29 March, 2010
To eat this one you seriously have to be a bit of a lime freak.......................it's strong..........lip puckering strong! I had it for dessert tonight, the rest of the family probably had icecream, but I wasn't watching. We'd left the dinner table by then and gone back to the camper. Dessert and TV went together tonight.
1 cup white sugar
rind of 3 limes, grated or peeled, see below
juice of 6 limes
Make a syrup out of the sugar and water by boiling till the sugar dissolves. Add the rind and juice. Cool. Chuck in your ice cream maker and churn for about 30 to 40 minutes. Put it in a container and chuck it in the freezer.

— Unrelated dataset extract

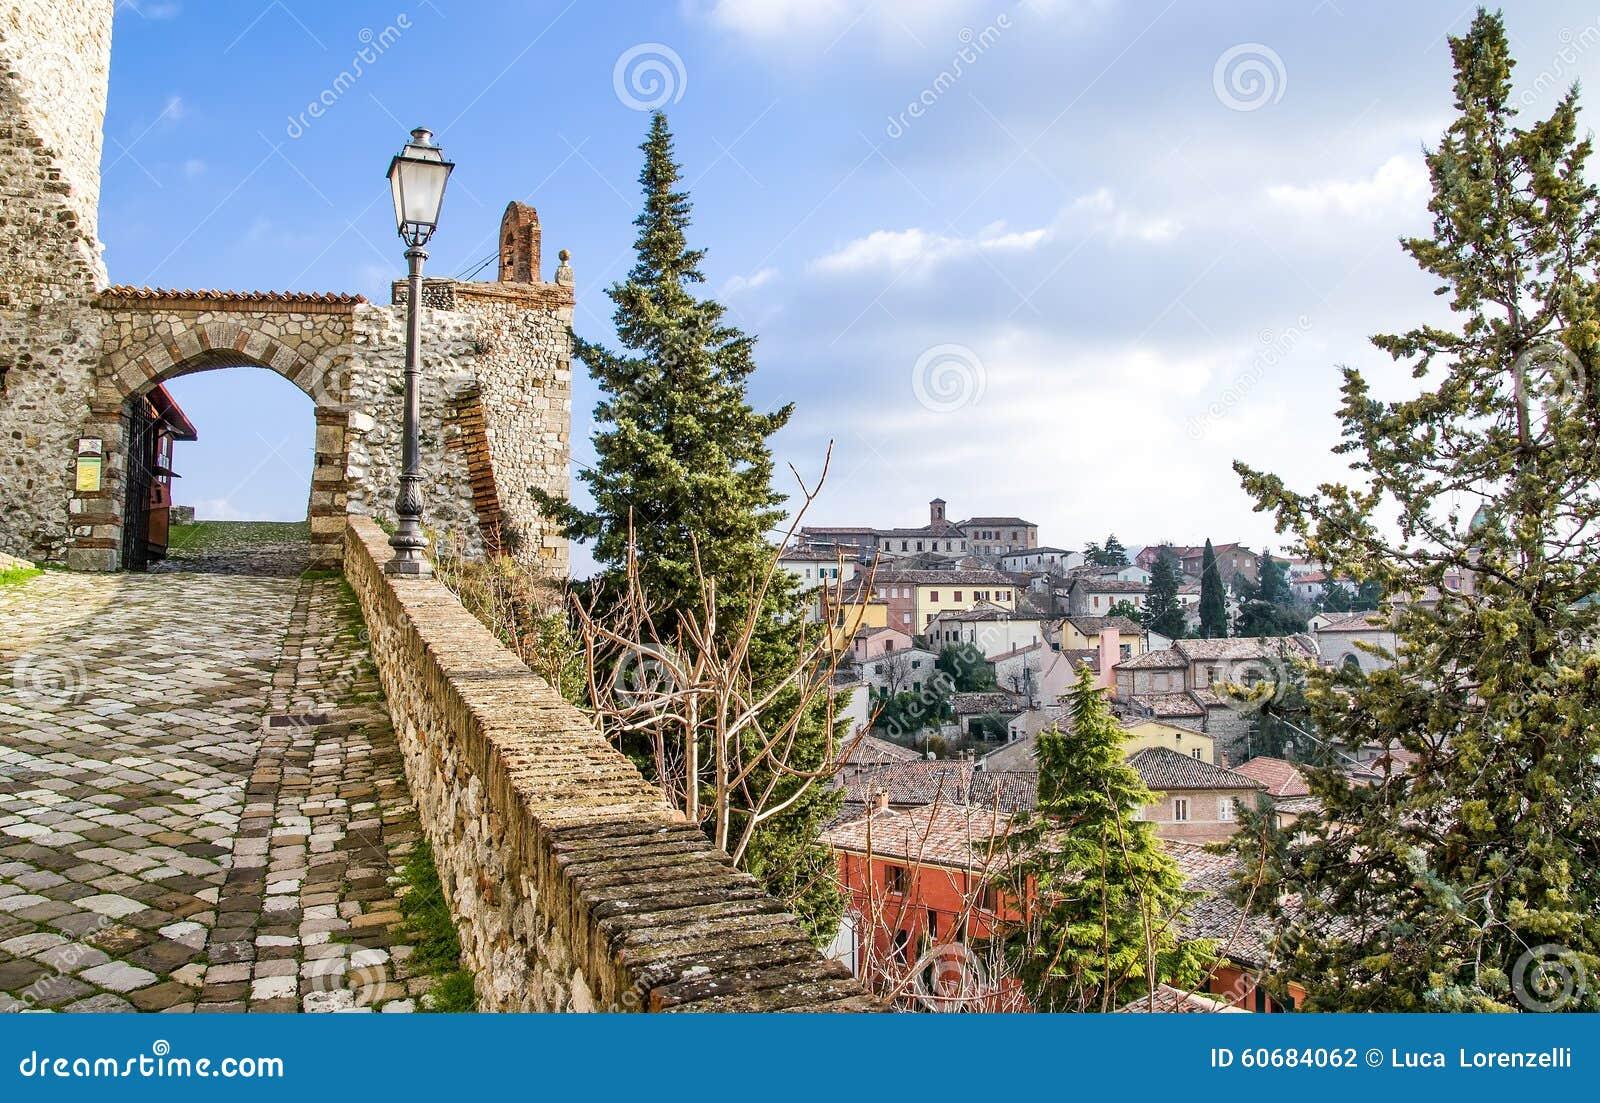 Reise Verucchio - Riminis - Emilia Romagnas - Italiens

I had a recipe that said add an egg white about 10 minutes before the end. I tried it once. All that happened was that I ended up with frozen slimy lumps in the sorbet! I think maybe if I had of beaten the egg white till slightly more frothy it may not have lumped and also if you don't like the lime rind in the sorbet (which I like) you can peel the rind instead of grating it and add it to the cooking syrup and then strain it out before you churn/freeze the sorbet.
You can also make this without an ice cream maker. Freeze the mixture till slushy (about 4 hours). Get it out and beat it in a food processor. If adding egg white (lightly beaten till frothy) add it now and mix well. Freeze for another 4 hours. All done!